After suspending leader earlier this spring, Heartland Community Health Center seeks new CEO

photo by: Contributed Photo

Former Heartland Community Health Center CEO Jon Stewart is shown at right.

Last updated 8:23 p.m. Monday, June 11:

After announcing the suspension of then-CEO Jon Stewart in March, Heartland Community Health Center is now seeking to fill that position as well as to hire a chief financial officer, according to job postings on its website.

As of Monday afternoon, it was unclear exactly why Stewart is not returning to the position. He was suspended without pay while accounting firm BKD conducted a forensic review of the organization’s finances, Heartland announced in a news release on March 14.

Heartland spokeswoman Melanie Coen referred questions to the president of the nonprofit’s board of directors, James Pavisian. Via email Monday evening, Pavisian said he cannot personally comment and is directing all media inquiries to attorney Sean Sturdivan of the Overland Park law firm Sanders Warren Russell & Scheer LLP.

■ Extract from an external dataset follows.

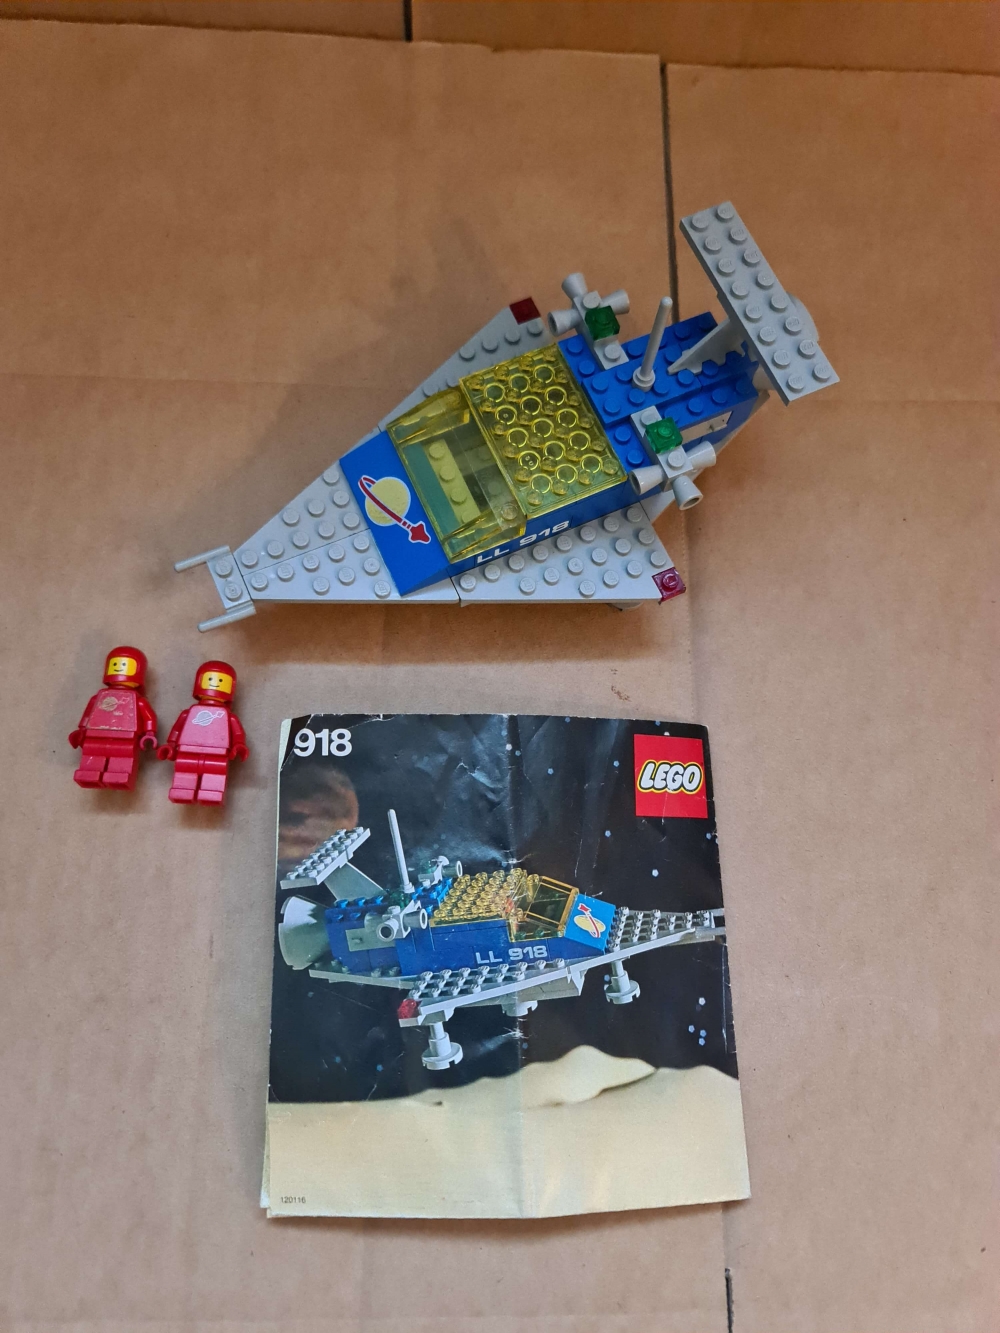 Sett 918 fra Lego Classic Space serien.
Meget pent sett. Komplett med manual.

In his email, Pavisian said the Heartland board has retained Sturdivan “to help the clinic regarding Mr. Stewart.”

Sturdivan did not immediately respond to a voicemail seeking comment Monday evening.

Lawrence attorney Dan Watkins, who has been representing Stewart, declined to comment Monday.

Heartland is a federally qualified safety-net clinic that serves Douglas County and surrounding areas with primary medical care and other health services and assistance programs.

After Heartland announced its board’s unanimous decision to suspend Stewart, Watkins gave the Journal-World a statement from Stewart, in which he said he was “shocked and dismayed.”

“I look forward to the opportunity to meet with the auditors the board has engaged to review my expenditures which they told me relate to travel expenses to a national conference on community healthcare,” Stewart’s statement from March 15 read. “I do not believe any of my actions or expenditures warrant the severe action the board has taken. Certainly, everything I have done has been disclosed.”

Stewart noted in the statement that Heartland’s merger with another longtime local clinic, Health Care Access, on Feb. 1, “has created a tremendous strain on the culture of the organization,” but he did not elaborate on that.

Stewart took over as CEO in October 2007, when Heartland was still called the Leo Center, following the retirement of Joe Reitz.

The 990 tax form that Heartland filed with the IRS in March, published on the nonprofit records site guidestar.org, listed Stewart’s 2016 salary as $121,784.

Lily Yu was listed as the organization’s CFO on the same tax return, with a salary of $15,692. According to Yu’s LinkedIn page, she left Heartland in April 2017 after holding the position for eight months, and she started a job as a budget analyst for the Kansas Department for Aging and Disability Services in March of this year.

Heartland said in its March news release that its chief operating officer, Alexandra Nicholson, would serve as interim CEO. It was unclear Monday if Nicholson still holds the interim position.